Staff turnover is a Lagging Indicator—these staff members have already left. However, trending this metric over time (monthly and annually) might point to an underlying issue. It’s especially valuable when combined with anecdotal records of what led to the attrition. Independent Exit Interviews help employers understand the reasons why people leave. Working closely with your people function can increase the value of this metric.

Figure 15.2 – Annual employee turnover rate calculated monthly

Staff sickness

Staff sickness is less of a Lagging Indicator. At least they have not left, but they are still not at work. However, they might be at risk of leaving if ill health persists. This is a potential indicator that there might be an environmental hygiene factor, or maybe the individual or team is not working at a sustainable pace. Maybe burnout is to blame.

Caution

Importantly, this isn’t a metric that gets published or discussed in front of the group; we don’t want people to feel that they have to come to work. If they are ill, they need to recover.

Employee NPS

Most people will be familiar with NPS, but if you think you are not, you have probably experienced it. You take your car to the garage to be serviced or contact the customer service department for help with a product you’ve purchased. Soon afterward, you receive an email with a survey asking the following:

“On a scale of 0 to 10, would you recommend <XYZ service/company> to a friend?”

The NPS separates respondents into “promoters” who provide ratings of 9 or 10, “passives” who provide ratings of 7 or 8, and “detractors” who provide ratings of 6 or lower. The NPS is derived by subtracting the percentage of detractors from the percentage of promoters collected by the survey item.

So, with employees on an ART, we might ask the following:

“On a scale of 0 to 10, would you recommend a colleague to join this ART?”

The first few scores may be negative because of growing pains, so use your judgment when it comes to publishing the NPS. However, tracking the percentage improvement from one survey to the next and over time will produce a rolling average that can demonstrate Continuous Improvement.

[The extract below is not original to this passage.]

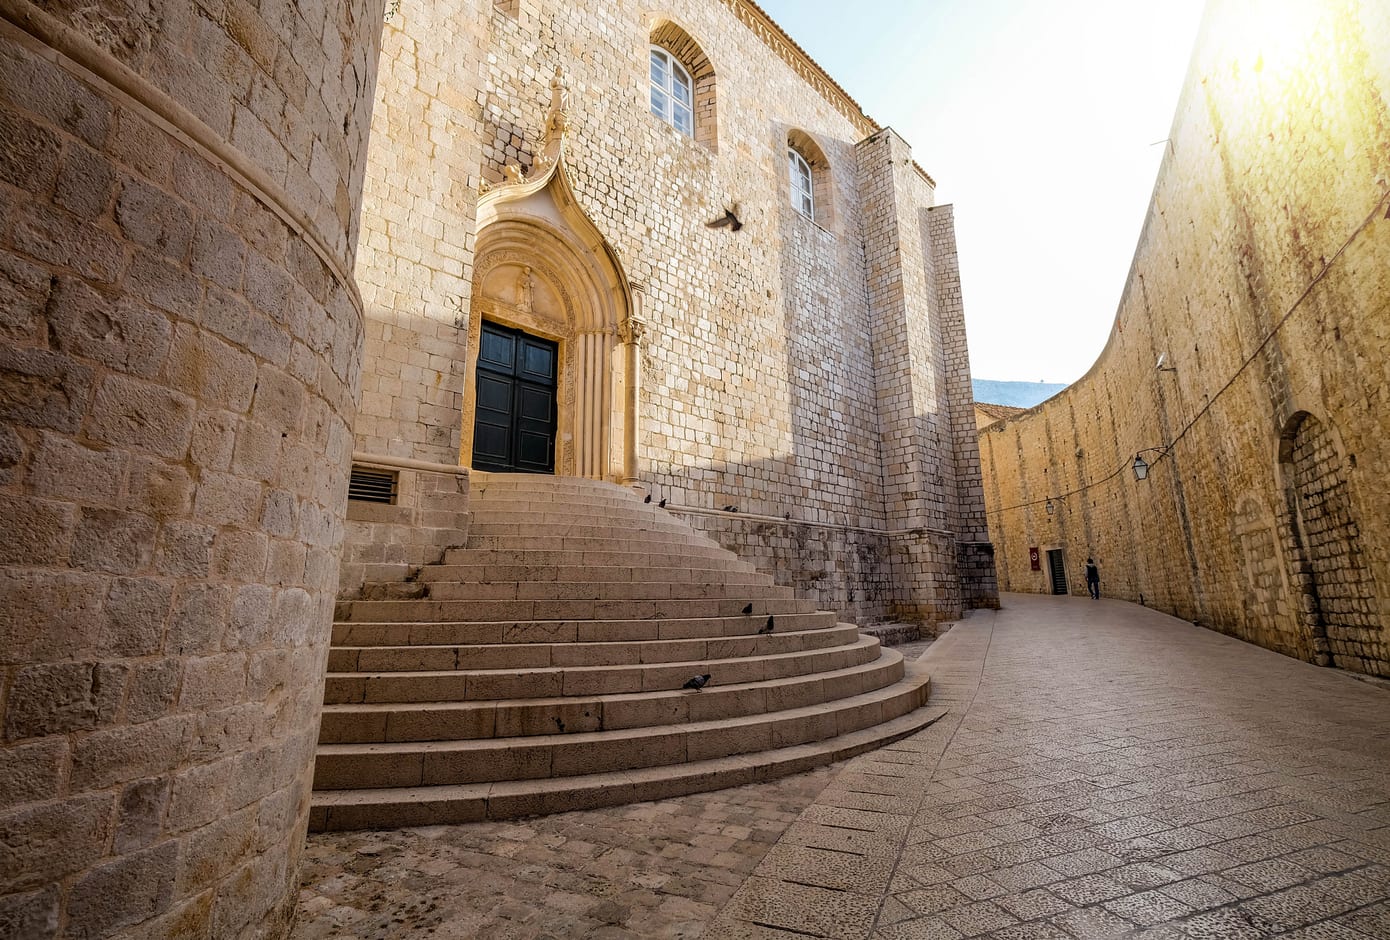 St. Dominic Street in Dubrovnik.

Good follow-up questions would be the following:

If you opted for 0 to 6, what do we need to do to improve?
If you opted for 7 to 8, what do we need to get you to 9 or 10?
If you opted for 9 or 10, what do we need to keep doing?

Let’s look at the next domain on our list.

Domain 2 – Quality

If you can reduce the number of escaped defects and the Mean Time To Recovery (MTTR) through test automation (%) and static code analysis, you open up more time for creating new and exciting Features to delight customers.

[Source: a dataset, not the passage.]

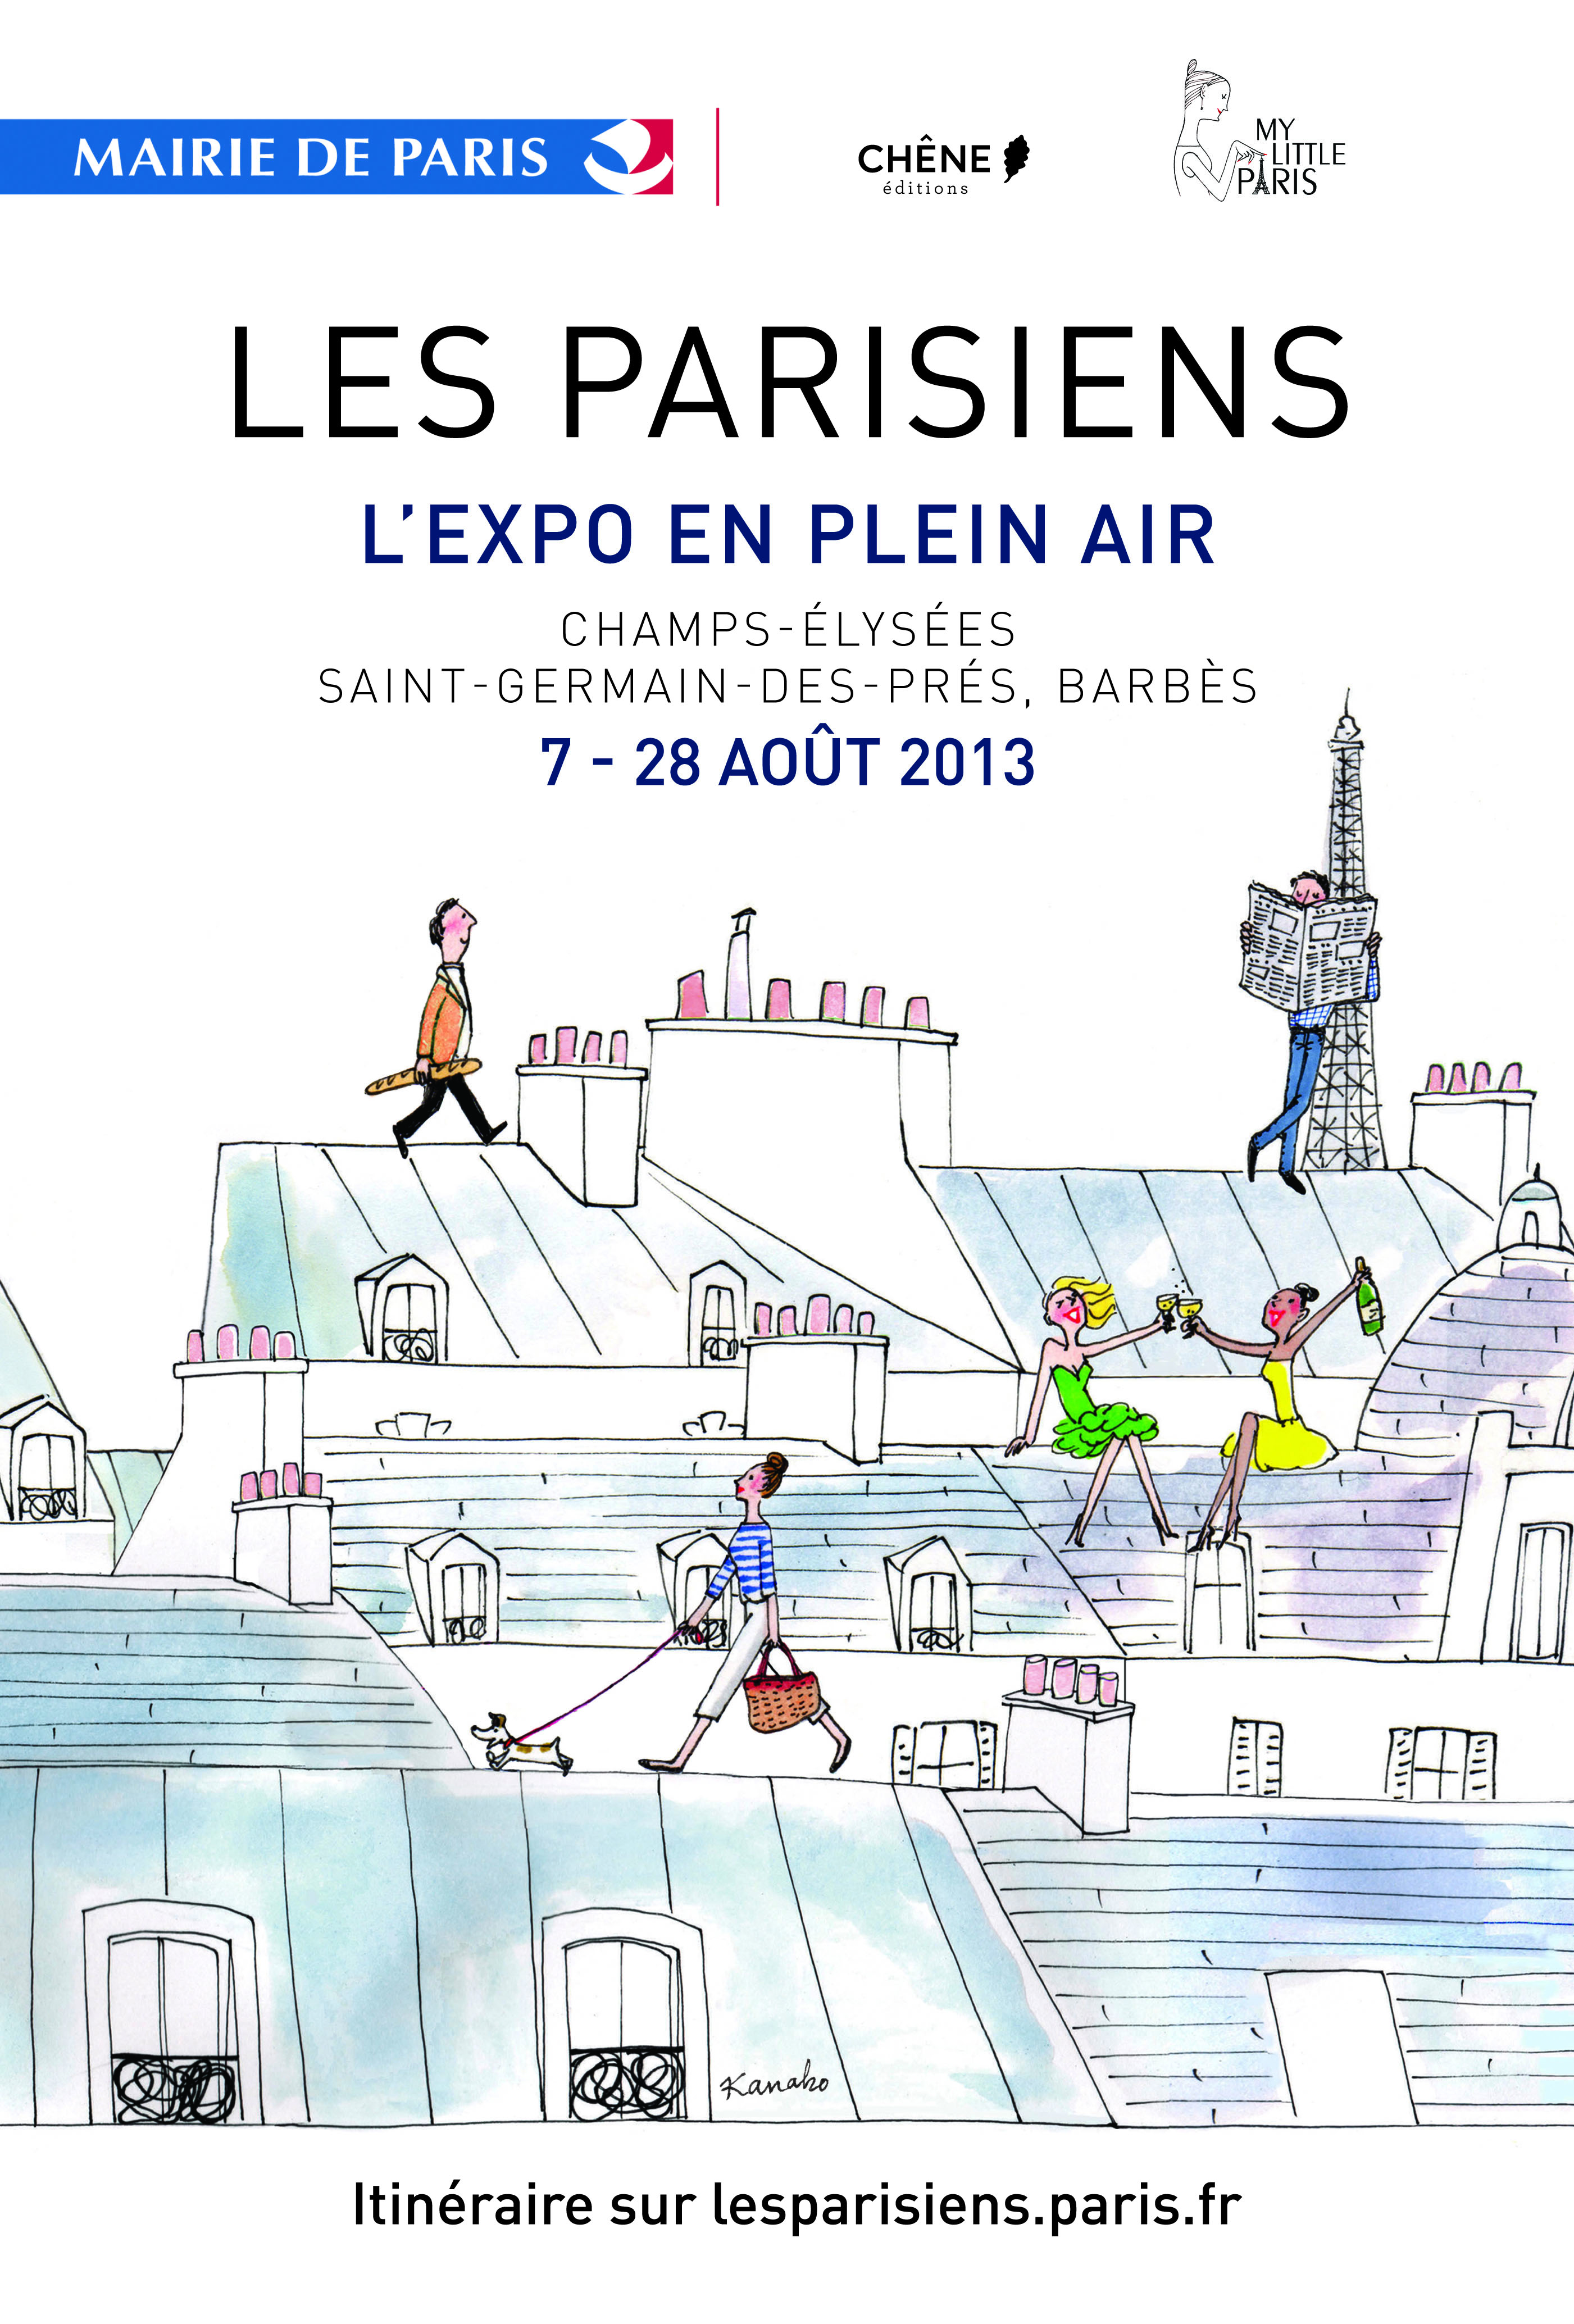 Les Parisiens, une expo en plein air à Paris

However, there’s also a clear financial benefit to reducing the number of escaped defects. The most recent numbers indicate software bugs cost the U.S. economy $2.08 trillion each year [1]. A 2003 study [2] commissioned by the Department of Commerce’s National Institute of Standards and Technology (NIST) offered the following figures to consider in Figure 15.3. The study is old, so these figures are low given the salaries and overheads of modern technical teams, but it illustrates the dramatic escalation of cost if bugs aren’t caught early on.

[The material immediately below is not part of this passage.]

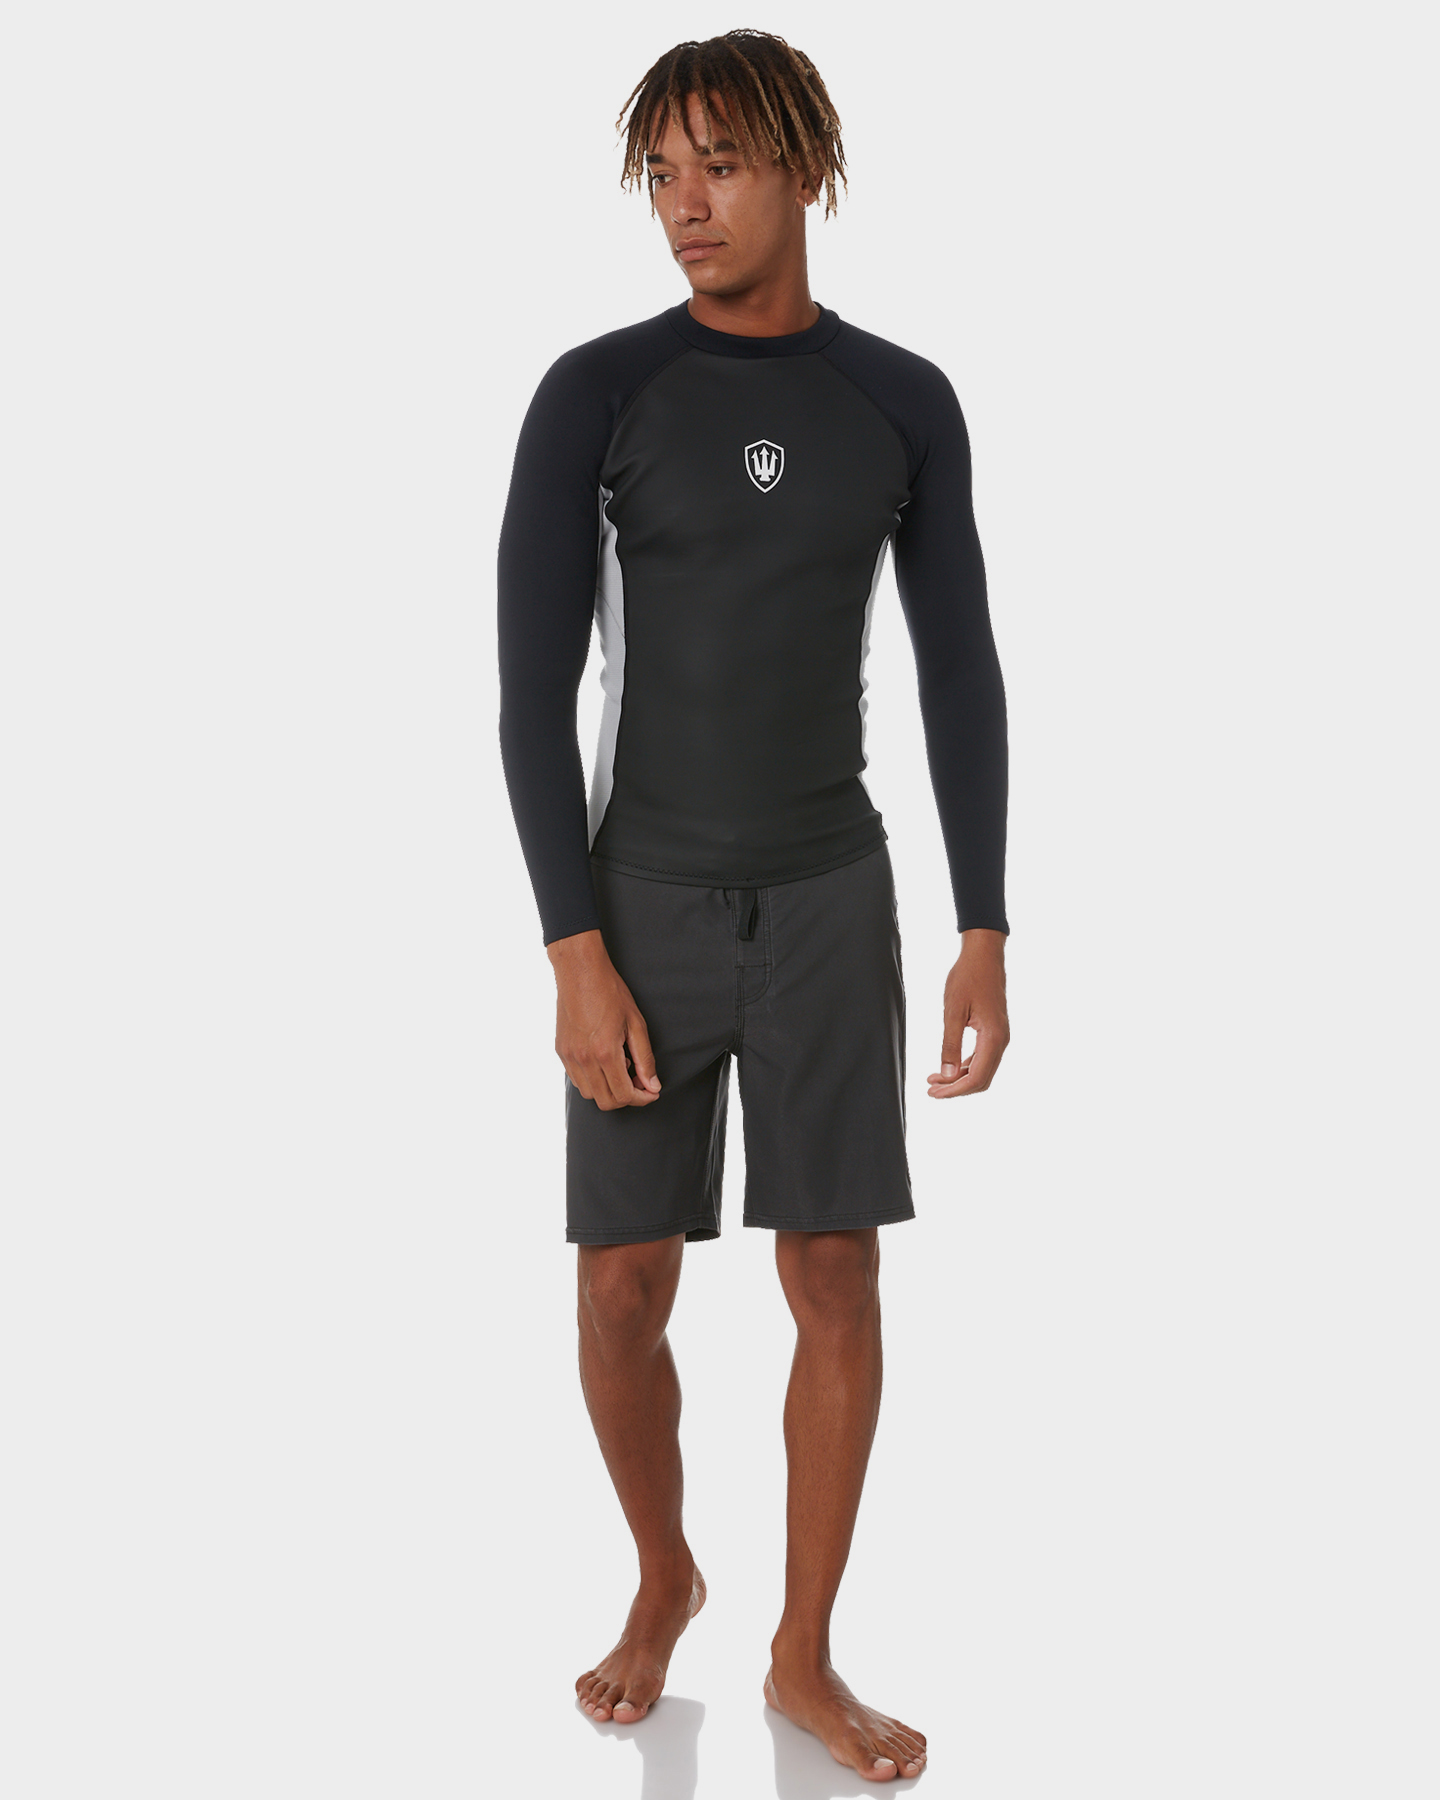 Fk Surf Zip Ls Jacket - Black Grey | SurfStitch

Figure 15.3 – The cost of a software bug

The four measures in this domain are the following:

Escaped defects
MTTR
Test automation percentage
Code quality (static code analysis)

Escaped Defects

The number of escaped defects is definitely a Lagging Indicator. It’s a simple metric to collect and track as work is released throughout multiple ARTs. Think about it as a measure of how much your customers have been upset.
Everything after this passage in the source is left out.